Y son naturales tanto las imágenes geométricas como el movimiento del aire y el agua. Así, el ojo de Leonardo afina enormemente en todos cuantos aspectos se le ofrecen y los relaciona con fines prácticos, del mismo modo que estudia la conducta de los animales y las plantas, que también se mueven, siempre para llegar a una conclusión, cuanto menos, ejemplar. Entre unas cosas y otras recoge, junto a sus descubrimientos, saberes tradicionales, llevándolos a sus máximas consecuencias. Fábulas, bestiarios, alegorías, reflexiones, escritos estilísticamente cuidados, expresiones aforísticas, todo lo anota, porque así se fija y permite avanzar. Probablemente Leonardo encarna el ejemplo fundamental de lo que significan para el hombre la palabra y la escritura.

Durante un largo periodo, tuve como libro de cabecera los dibujos de Leonardo, algunos de los cuales remitían a textos —yo conocía solo sus escritos sobre pintura—. Mi amistad con hispanistas y escritores italianos me había ido revelando el placer de leer en su lengua y lanzando a alguna traducción ocasional. En este hecho tuvo un papel muy importante el novelista Franco Tagliafierro. Delante de mi casa está la librería italiana. Pues bien, un día, sin pensarlo, bajé y compré todos los libros que había de textos de Leonardo da Vinci. Nada sabía entonces de sus fábulas y alegorías ni de sus reflexiones filosóficas.

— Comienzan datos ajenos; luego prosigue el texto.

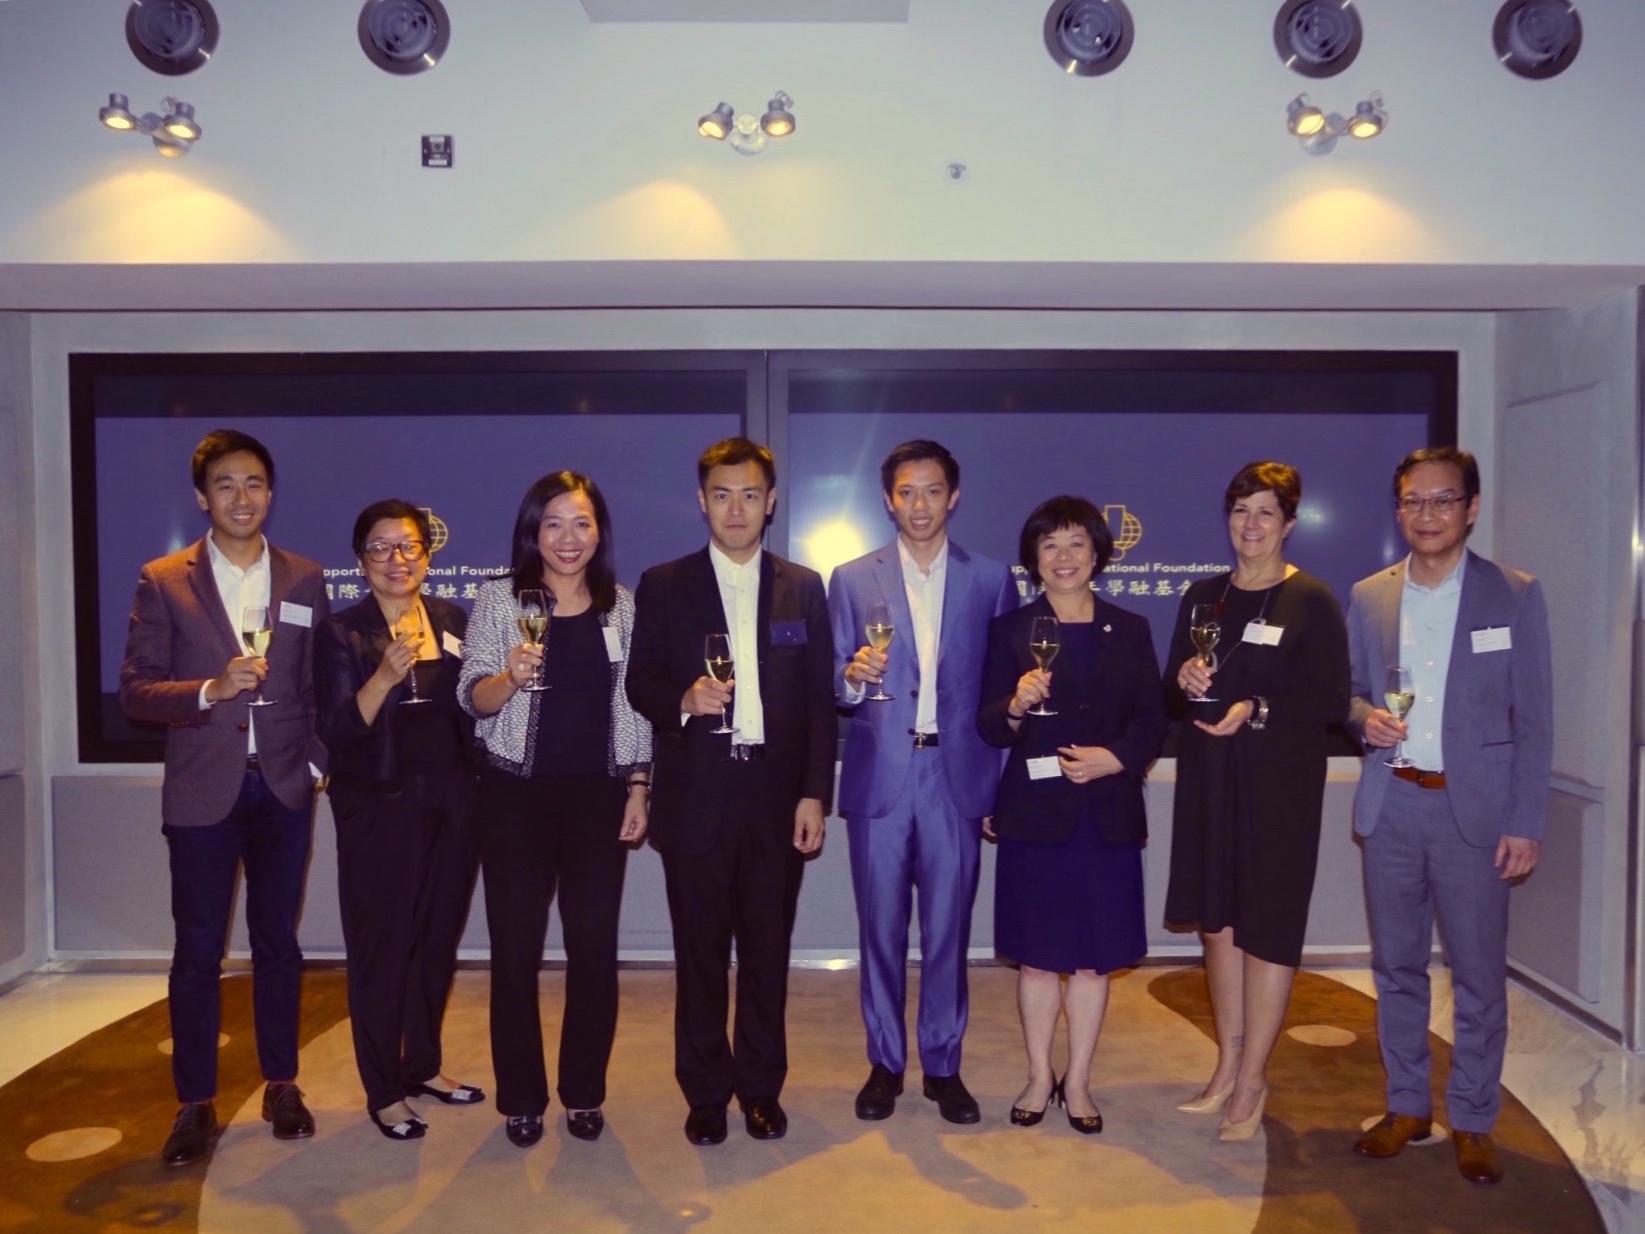 Board of Directors Toast (L-R: Gary Liu, Anna Lo, Jacqueline Lam, Chairman Ming Wai Lau, Founder & President Joseph Wan, Bonnie Ngan, Abigail DeLessio, C S Wai)

Me lancé a la lectura con entusiasmo. Había palabras que no comprendía, a pesar de lo cual empecé a traducir algún fragmento. Poco a poco, y en vista de que no había una coincidencia matemática en la presentación de los textos, los fui colocando unos junto a otros y estructuré un libro. Por suerte Franco tiene en su casa un diccionario de la lengua italiana en 21 tomos. Sin su ayuda mi impetuoso intento habría sido imposible. Esto le debo y mucho más, la alegre compañía que supone su generosidad. El resultado está en estas páginas. En cuanto al lector le pido perdón por mi osadía.

C. J.
El tratado de la pintura es uno de los textos más conocidos de Leonardo. En él su discípulo Giovanni Francesco Melzi reunió las reflexiones que a lo largo de su vida fue haciendo su maestro en torno a la pintura, desde un punto de vista material más que filosófico.  Es decir, sus ideas en torno a la luz, la perspectiva, los colores, la técnica en definitiva que debe dominar el autor de un cuadro.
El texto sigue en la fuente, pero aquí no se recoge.